H: Mary Lou, momma and I.

C: Where were you going?

H: To Alachua.

C: For what?

H: Groceries.









C: Who had the grocery store then?

H: The Pierces, I think. O think the Pierces were still there.

C: Where was their store?

H: Their store was right down there on the corner across from the

First National Bank. And Mr. Pierce and them had the in

Alachua. I cannot remember everything, but he is buried out

there_

C: They had a lot of real estate and business interests?

H: Yes, and the old Pierce house, where he was born, was on the old

Noonansville Road. I do not know whether you have gone back that

dirt road and out through the other end by the berries and on up

to Lake.

C: Yes. But Vernon, why would you be going to the Pierces in Alachua

to buy groceries when there was a store in Traxler?

H: (laugh) They did not have everything we wanted and papa always

went to Alachua. They landed in Alachua when they came from

Kentucky. And do you know the house that is on the corner (or did

they tell you that)?

C: The Almstead House.(sp?)

H: That was the house that was just beyond the church--that two-

storied house. And the Hughes [sp?] were the last ones that lived

in there that we really knew. There were some of the others....

C: Was that Bernice, Zell and John Hughes?

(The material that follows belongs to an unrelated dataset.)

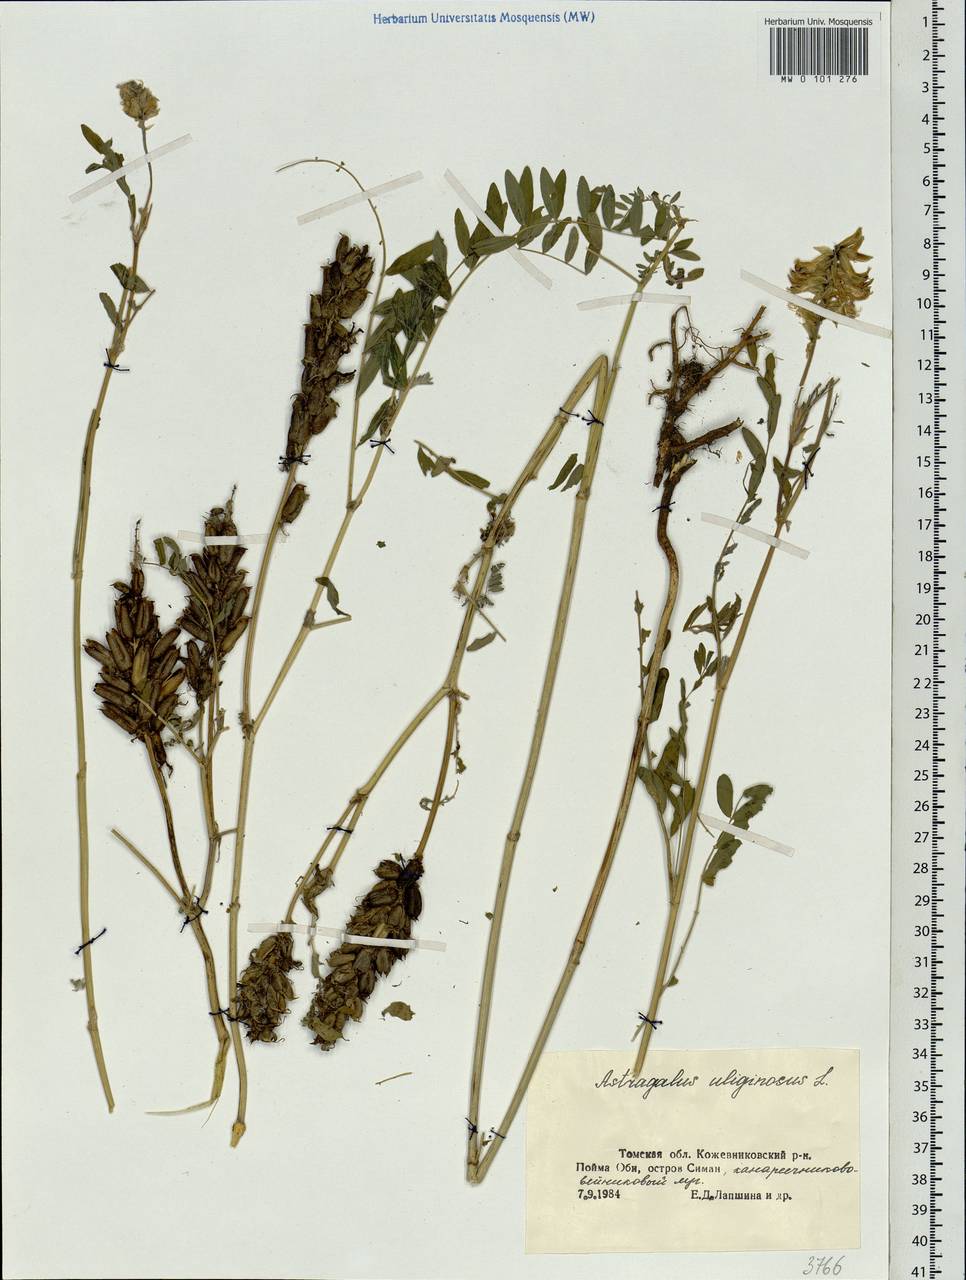 Astragalus uliginosus L., Siberia, Western Siberia (S1) (Russia)

H: Yes. They lived in there a long time after papa went

there. And Dr. Jim Bishop lived in the house across the street

there, just above that house. Dr. John Bishop lived in the one

across where the Pierce house was. We played with the John Bishop







girls when we would go to town. It was just up the hill there,

you know where that two-story house is.

C: Let us think about going to town again. If you went from out here

to Alachua in the horse and buggy, was your mother driving?

H: Yes.

C: First of all, did the Bellamy Road look different then than it

does now?

H: A little, not too much.

C: How is it different?

H: It was not graded up like it is now. It was more or less just a

plain road for horse and buggies.

C: It was more dark dirt?

H: Just dirt. Very much the same colored dirt as I can remember.

C: But the foliage looked very much the same as it does today?

H: Yes. You went over the hills--up and down the hills--to Alachua.

C: What was the first thing you saw when you got near Alachua?

H: You know the little corner down there that you come down--beyond

the Bush's [sp?] house--right in that corner in there. There was

fruit stands. The Thomas' had fruit stands--bananas, big bunches

of bananas. Papa would always stop there and get bananas for us

to bring home.

C: Was that before you got to Lucille Ellis' house?

H: No, that is afterwards. Lucille lives up on this end of town.

C: So you went in another end?

H: No. We went on that same road. It would just come right on by

our place and cross the railroad there and turn there between the

grocery store and...

C: Bush's. Where his store is now--Bush's Dry Goods on Main Street?









H: Yes.

C: So the fruit stand was before you got to Bush's.

H: Before you got to Bush's. Just below that other store that was

there was a fruit stand. And it was built with wood and just had

a porch like thing. They would have these big bunches of bananas.

You know how you see them in the big bunches, do you not?

C: Yes. This was like going down Church Street.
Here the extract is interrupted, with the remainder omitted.